» DATA PROVIDED

....

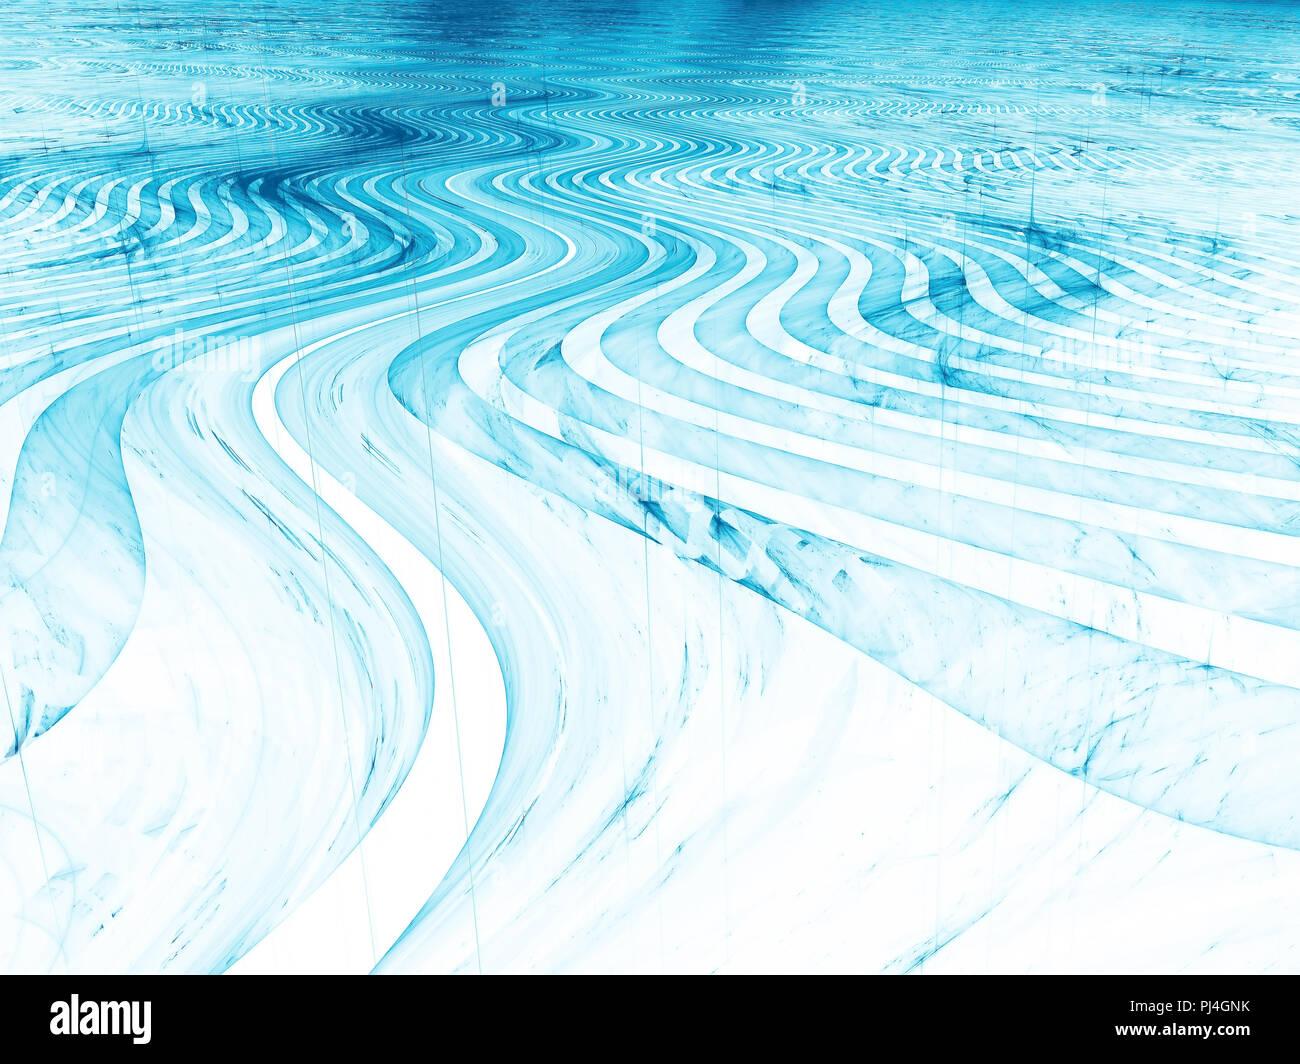 Glossy wavy surface - abstract digitally generated image Stock Photo
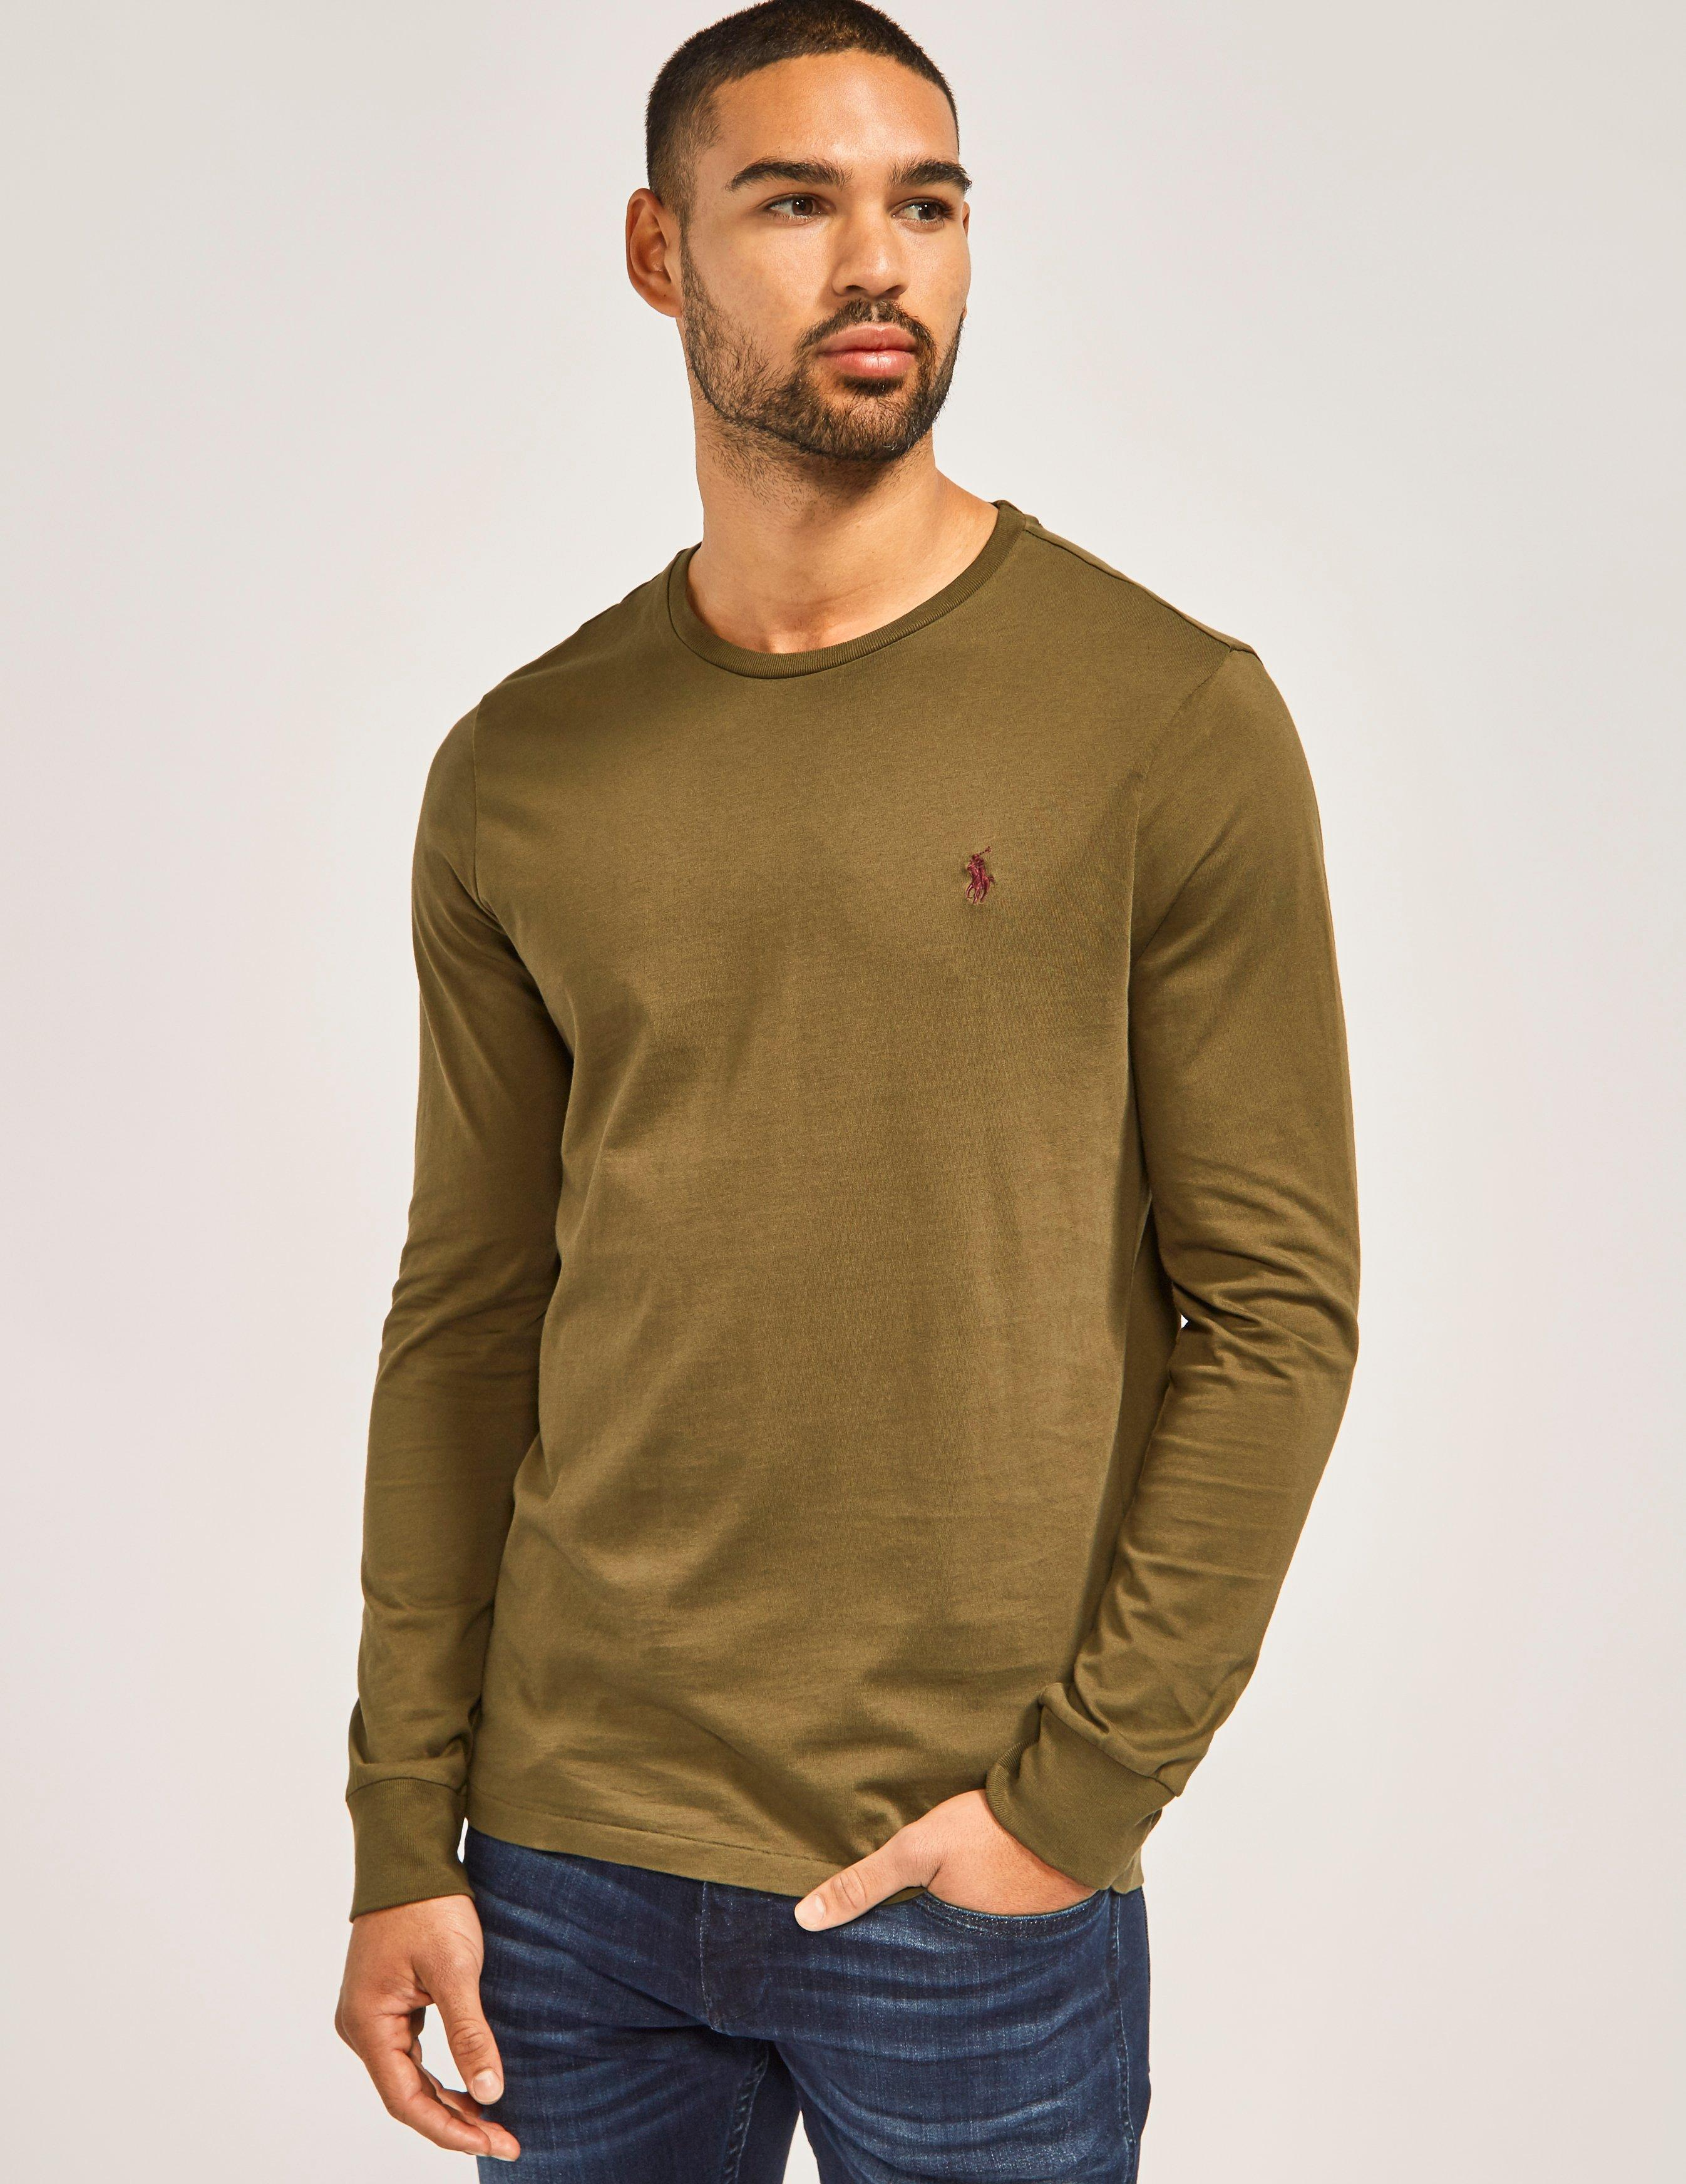 Lyst Polo Ralph Lauren Crew Neck Long Sleeve T Shirt In
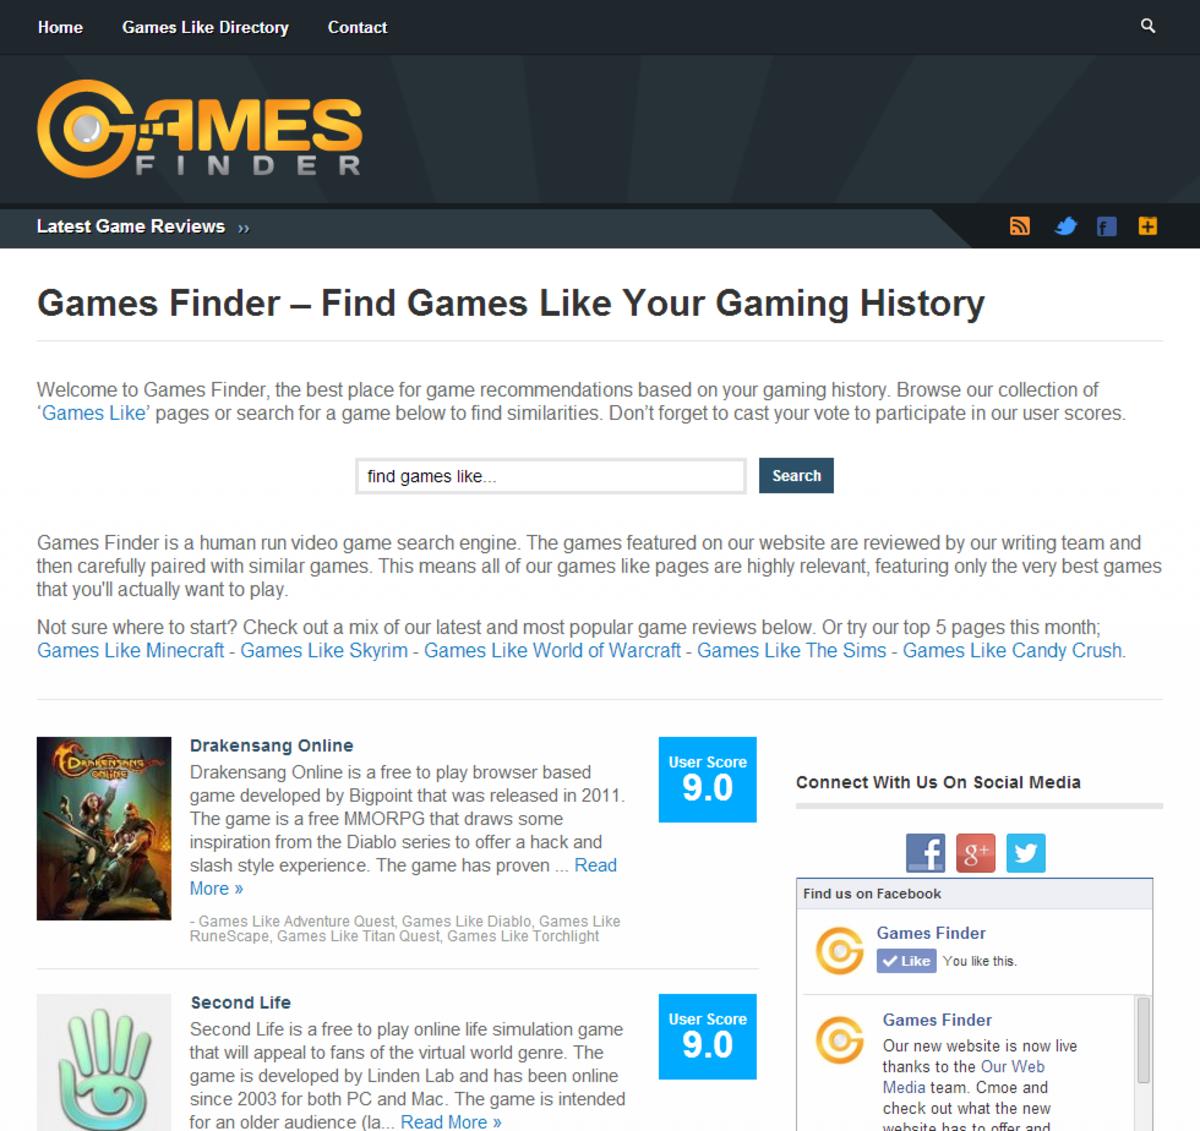 GamesFinder Home Page (March 2014)

....

» DIRECTIONS FOR THIS TASK
The copy should hold exactly the lines from the line containing "Lyst Polo Ralph" through the end of the data, both ends included, and no pictures.

» WORKED SOLUTION
 Lyst Polo Ralph Lauren Crew Neck Long Sleeve T Shirt In
 GamesFinder Home Page (March 2014)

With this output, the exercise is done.